Родная Речь. Уроки Изящной Словесности, стр. 21

«Вышиб два сахарных зуба палаш, рассек надвое язык» — «Зубы вышибла острая медь и язык посредине рассекла».

Есть в запорожской повести свой список ахейских кораблей, тот самый, который Мандельштам «прочел до середины»: «Один за другим валили курени: Уманский, Поповический, Каневский, Стебликивский, Незамайковский, Гургузив, Тытаревский, Тымошевский».

Есть и одноименные, как Аяксы, богатыри: «Пысаренко, потом другой Пысаренко, потом еще Пысаренко».

Есть почти дословный (уже не Гнедича, а свой) вариант прощания Гектора с Андромахой: «Чтоб я стал гречкосеем, домоводом, глядеть за овцами да за свиньями да бабиться с женой? Да пропади она: я козак, не хочу!»

Удалая вольница была заложена в «Тараса Бульбу» изначально. Переделывая повесть, творя из повести эпос, Гоголь усилил эпические черты и тут встал перед неизбежным противоречием. Дело в том, что эпический герой — вовсе не герой в системе представлений нового времени. И уж, конечно — не положительный герой. Но ведь Гоголь творил именно сверхположительных героев — тех самых, которые могли бы передать эстафету светлейшим будущим образам 3-го тома «Мертвых душ».

Нетрудно вообразить, что в представлении современников (демократов-разночинцев, в первую очередь) душевной красоте Тараса и его друзей мог помешать еврейский погром, описанный в «Бульбе» с несравненной веселостью: «Жидов расхватали по рукам и начали швырять в волны.
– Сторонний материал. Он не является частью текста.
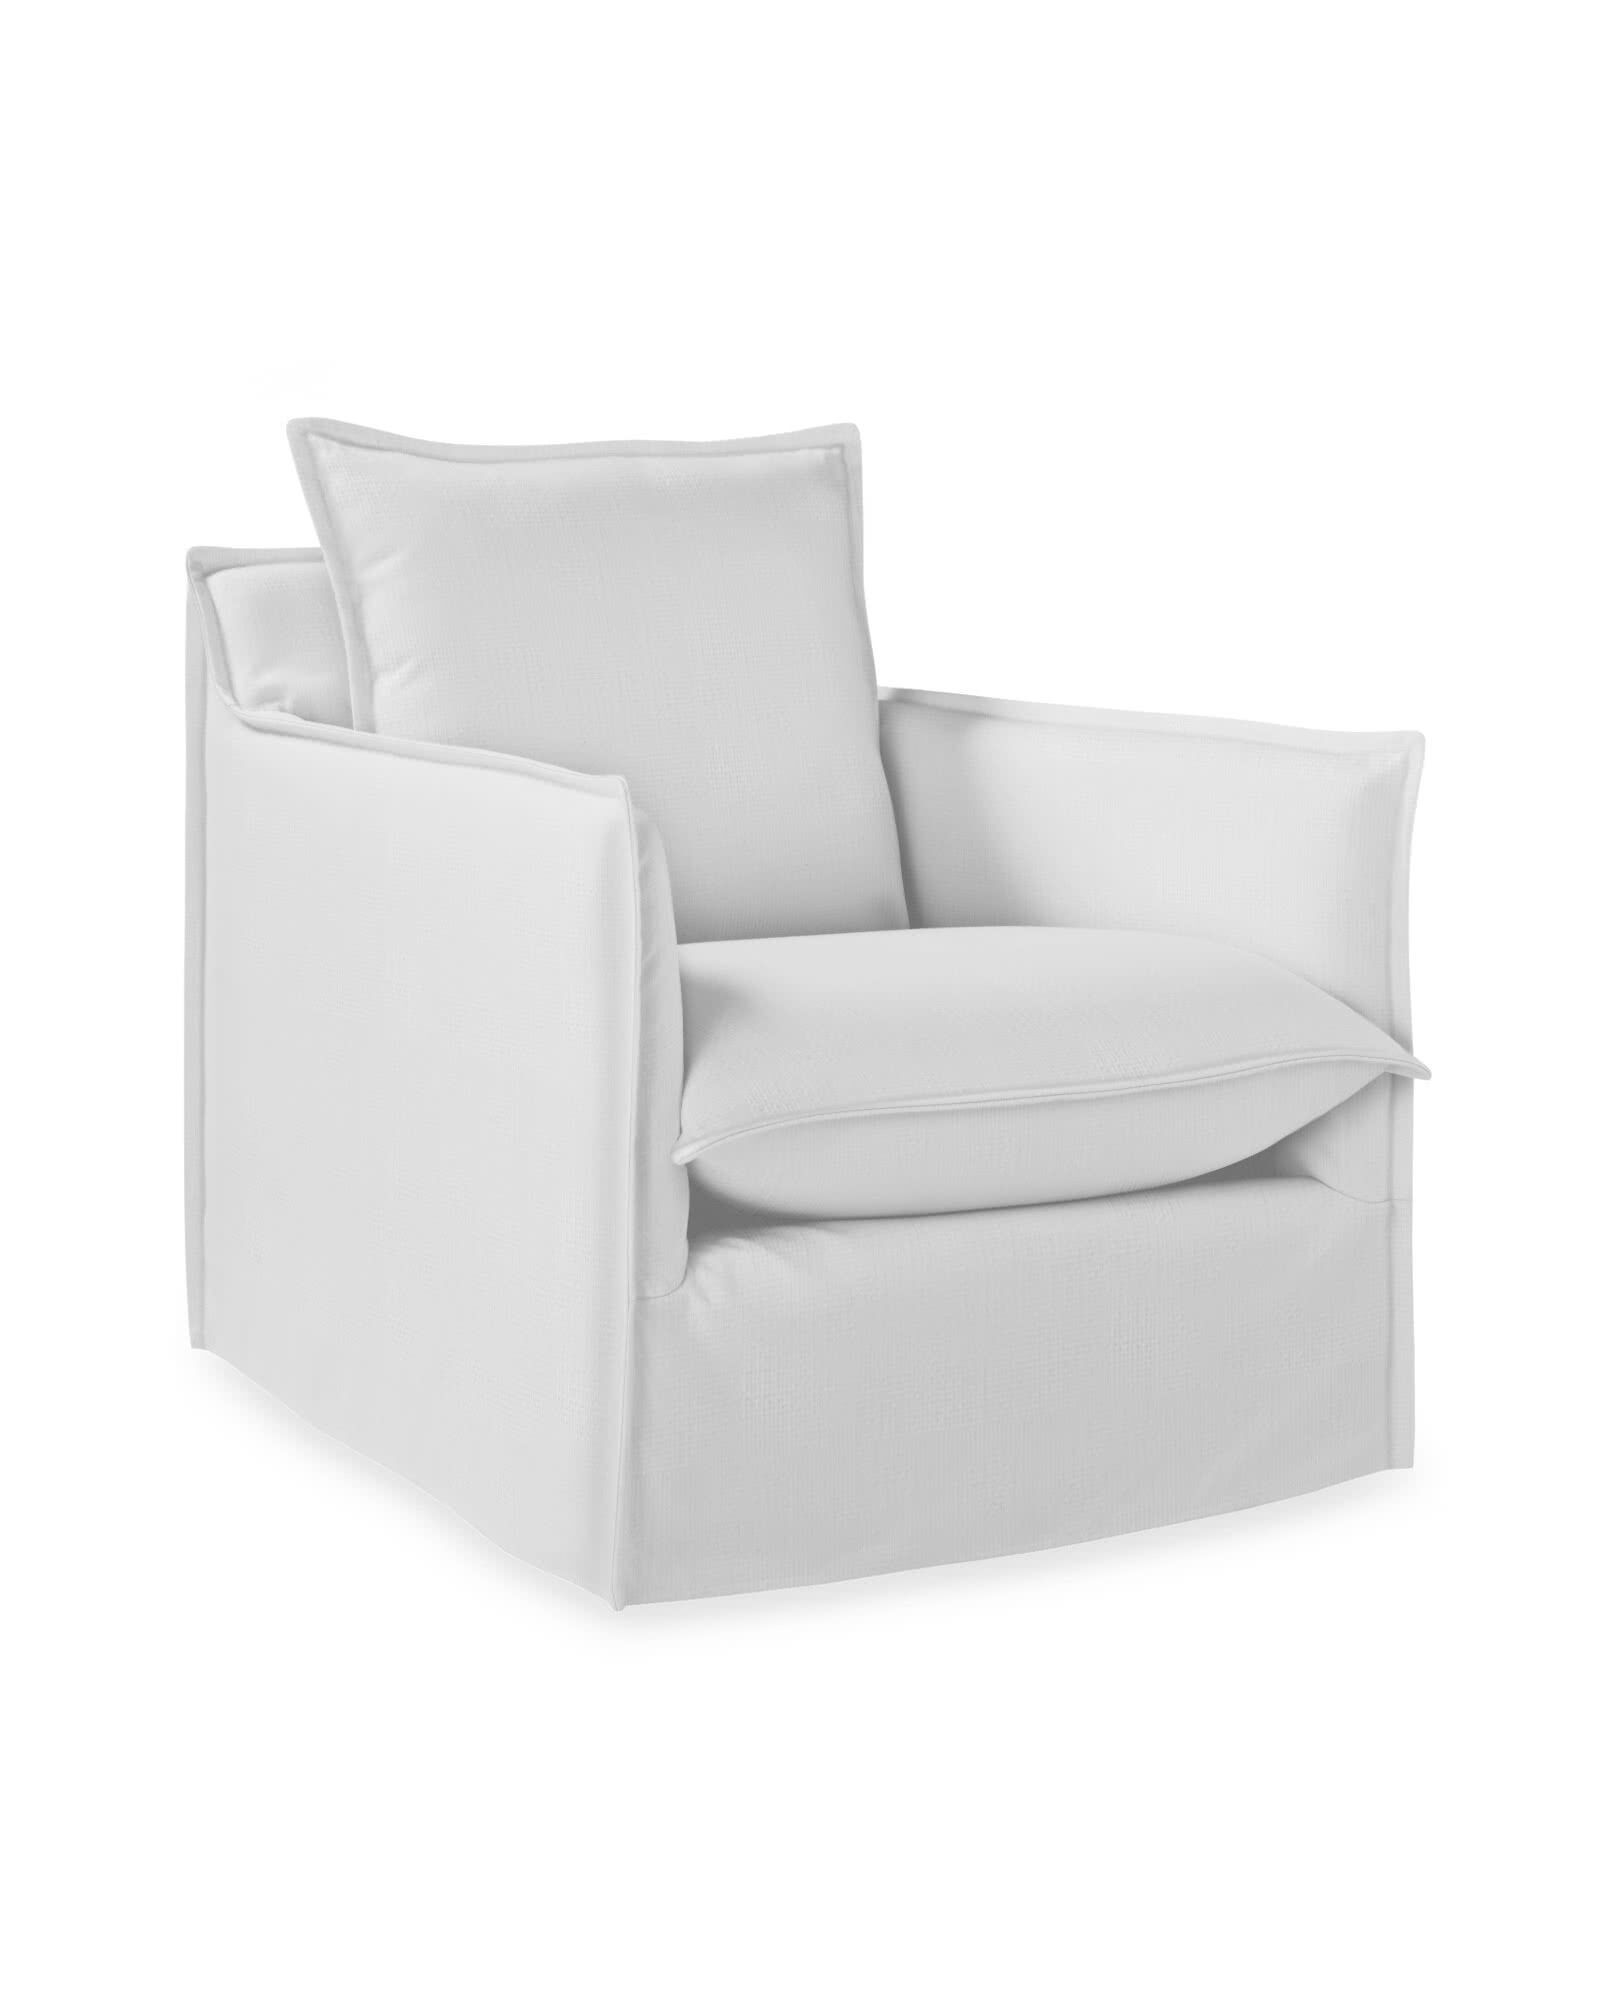 Hayden Swivel Glider - Slipcovered | Serena and Lily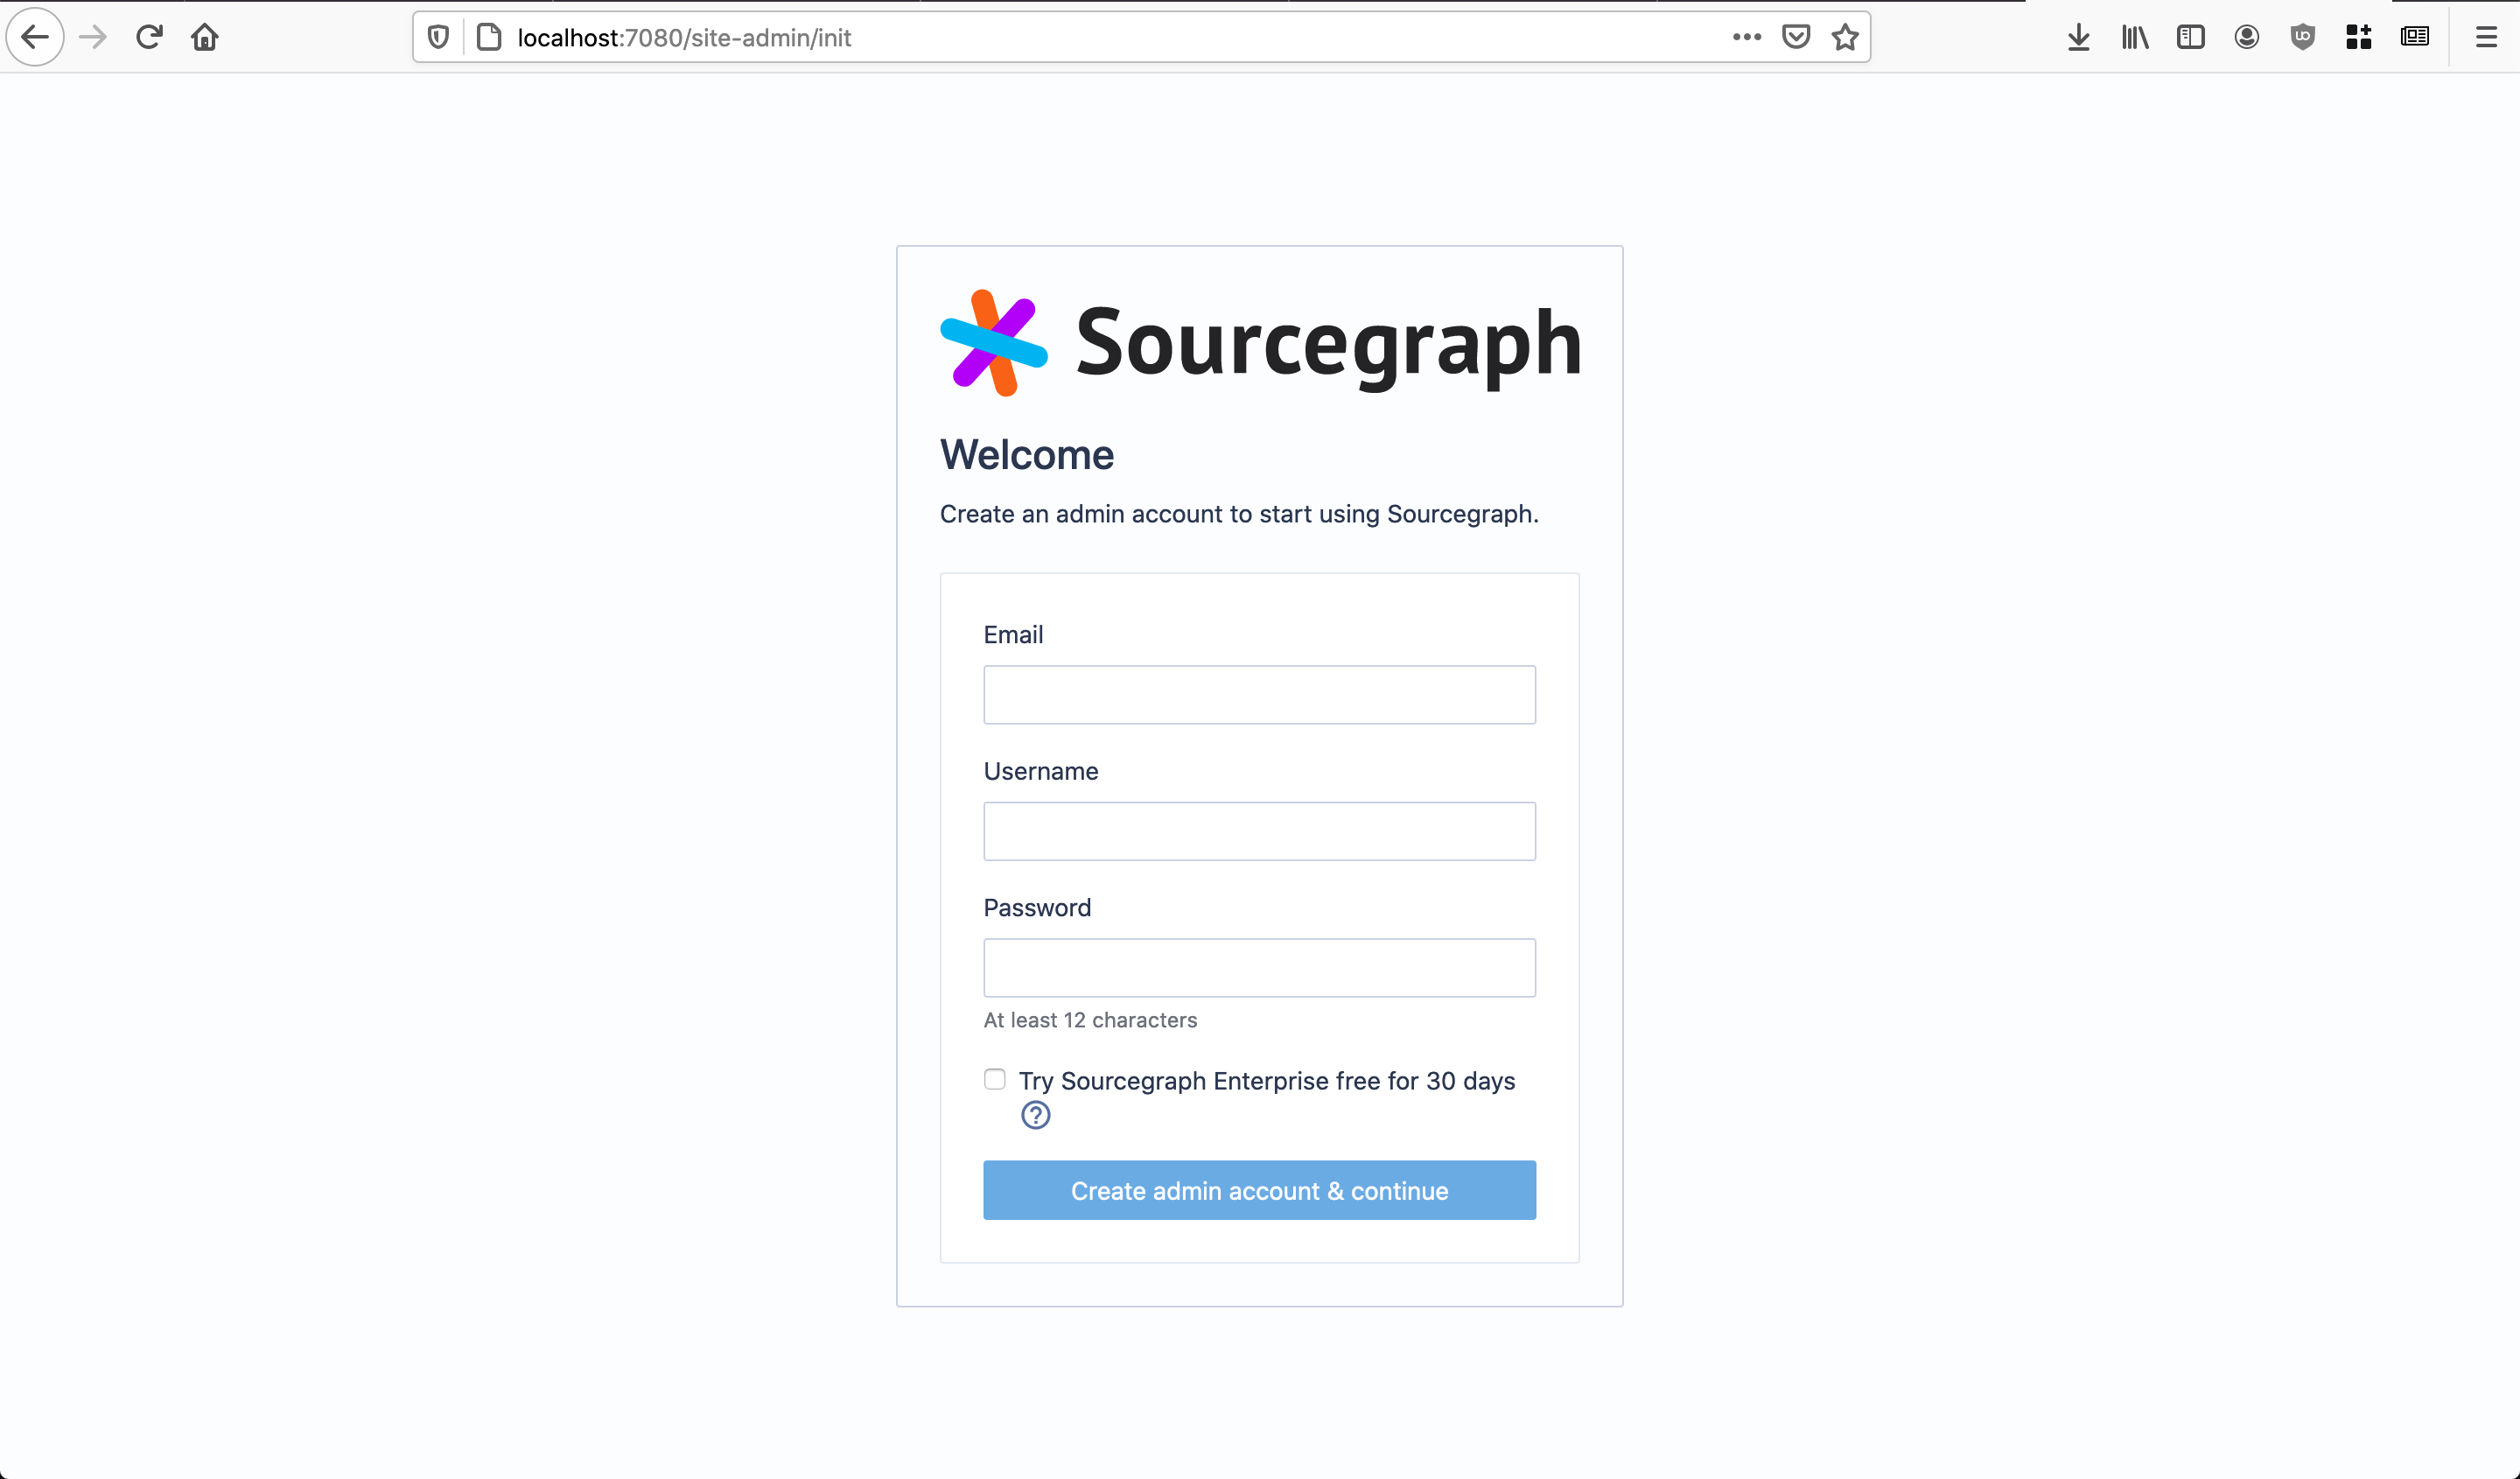 Welcome to Sourcegraph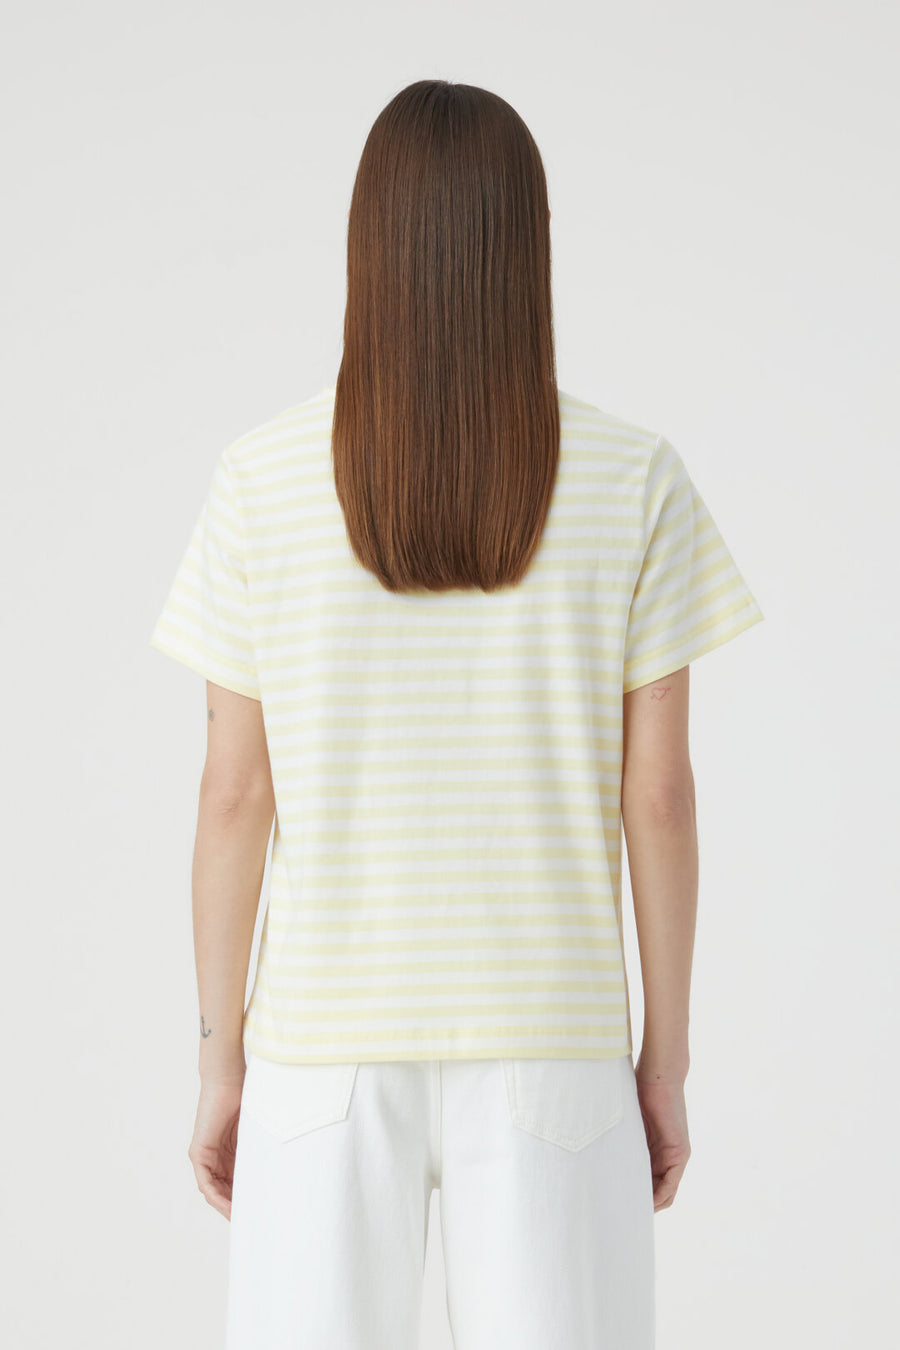 Closed T-Shirt - Yellow Orchid

Жалобный крик раздался со всех сторон, но суровые запорожцы только смеялись, видя, как жидовские ноги в башмаках и чулках болтались на воздухе». Интонация изложения здесь настолько легка, что ускользает главное: ведь «бедные сыны Израиля, растерявшие все присутствие своего и без того мелкого духа» — убиты.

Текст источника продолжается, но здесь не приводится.